Никто не шевельнулся. Эта нерешимость встать под пули тянулась, наверное, всего несколько секунд, а казалось, что прошла целая вечность.

– Что лежат! Что лежат! Музафаров!

Музафаров, приподнявшись, надел ремень пулемета на шею, встал и, пригнувшись, строча на ходу, шагнул вперед. Баулин ремень пулемета никогда на шею не надевал, у него были очень сильные руки, он нес пулемет просто, как карабин, в руках и стрелял с пояса. Поднявшись, я заметил: пулеметная очередь со стороны леса больше не пылила веером по пашне, видно, все же попали танкисты, подавили пулемет. Но пули, наверное, винтовочные все еще повизгивали, а на правом фланге эскадрона по-прежнему чесал по взводам пулемет. Мы все шли пригнувшись, готовые в любую минуту ложиться, преодолевая каждый метр пашни с таким трудом, будто поднимались вверх по крутому, почти отвесному склону.
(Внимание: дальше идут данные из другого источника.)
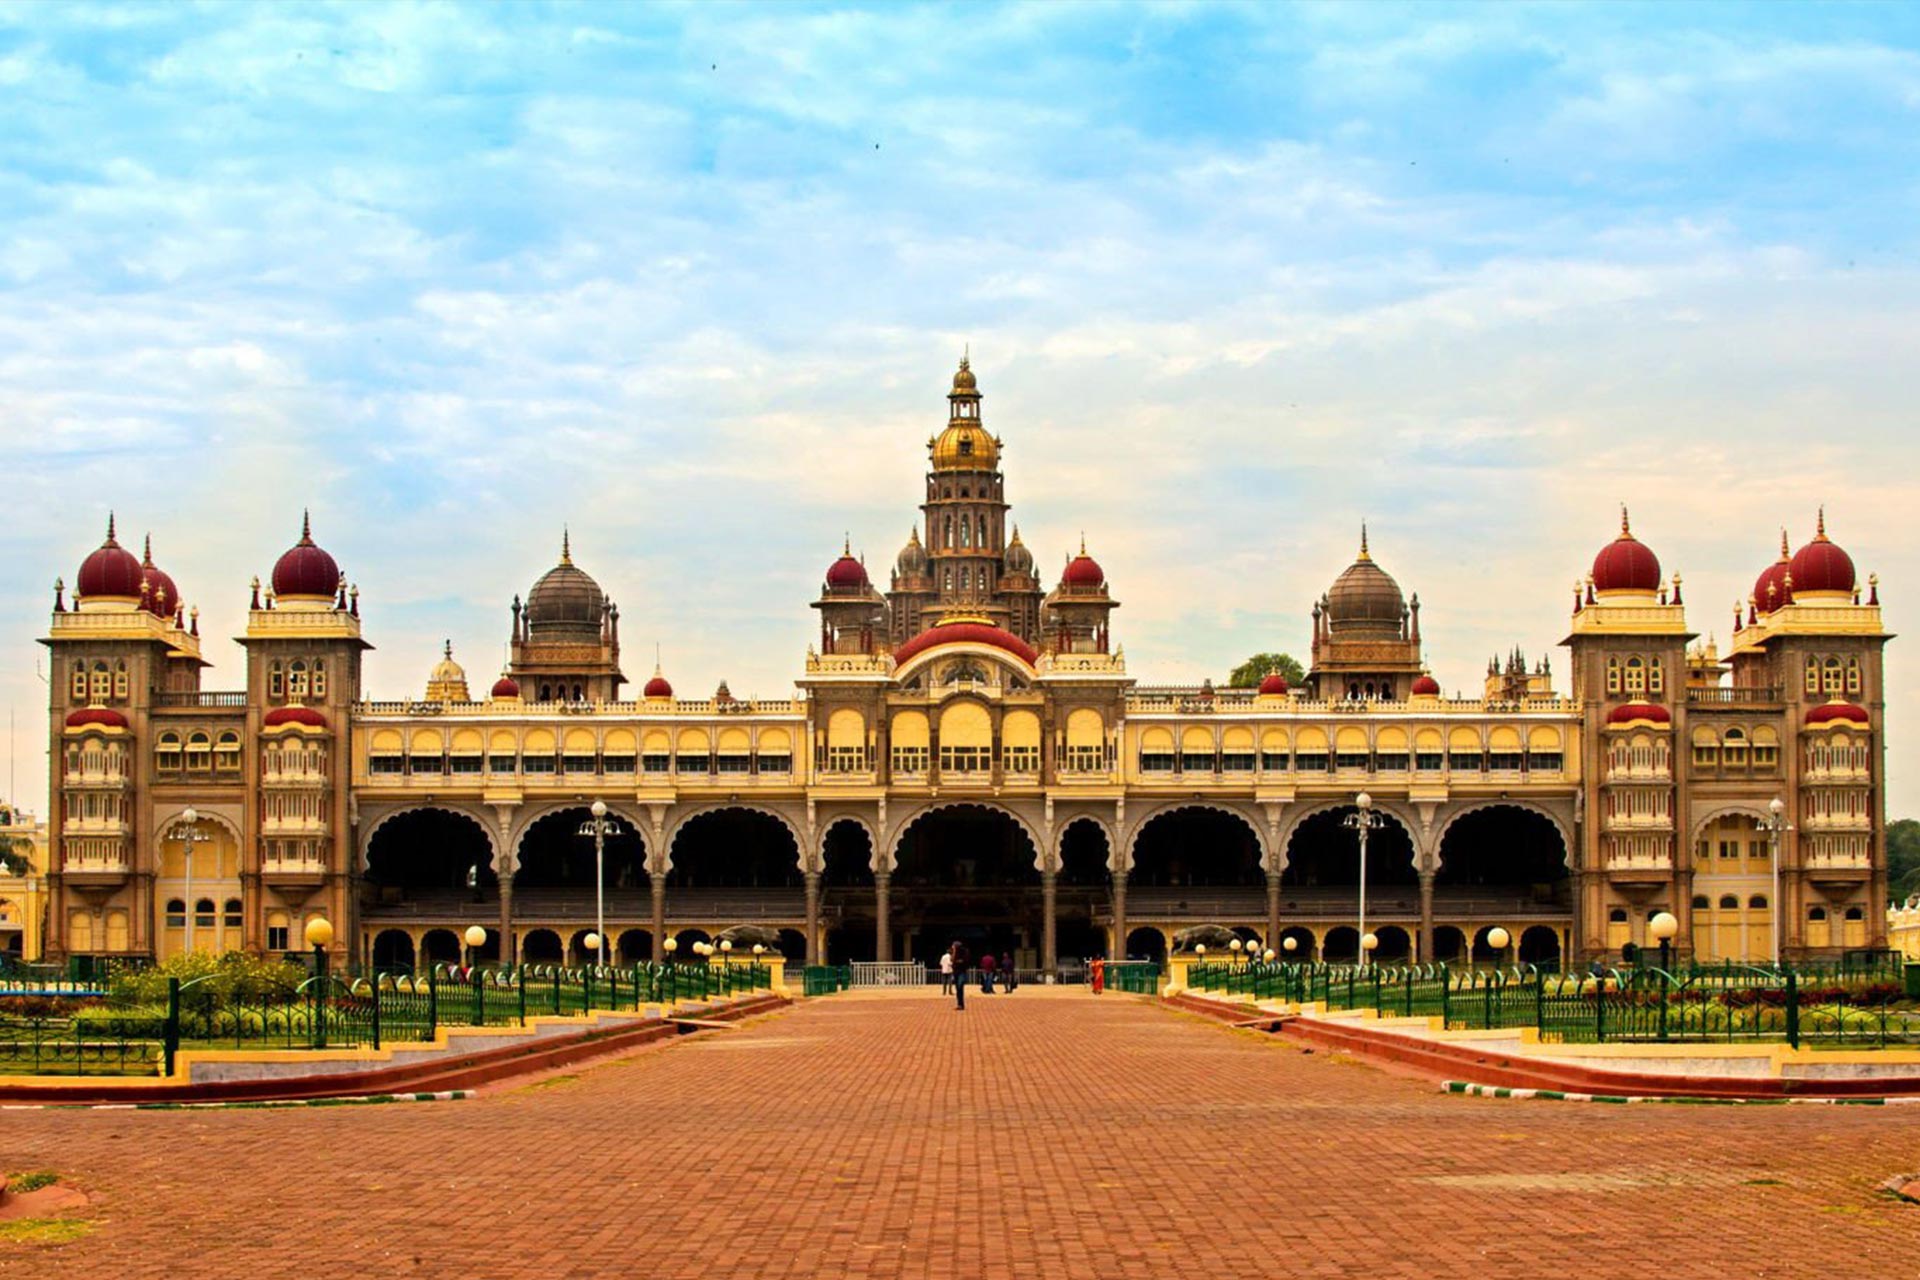 tourist places between bangalore and mysore

Пули фьюкали мимо, но меня пока не трогали, Баулин, идущий рядом, пока тоже был цел. По сторонам я не смотрел, идут ли остальные, почти не видел, вернее, видел только краешком глаза и почти ничего не воспринимал. Но, проходя мимо подбитого танка, все же взглянул из любопытства и увидел в проеме открытого люка высунутую красную руку. Не сразу сообразил, что рука вся в крови. Подумав, может, нужна помощь, я шагнул к танку и разглядел в люке танкиста, увидел в черноте шлема белое-белое лицо и округлившиеся, почти выкаченные из глазниц сине-белые глаза, которые смотрели на меня невыносимо моляще. Из дымного нутра танка доносились чьи-то стоны и воняло горелым.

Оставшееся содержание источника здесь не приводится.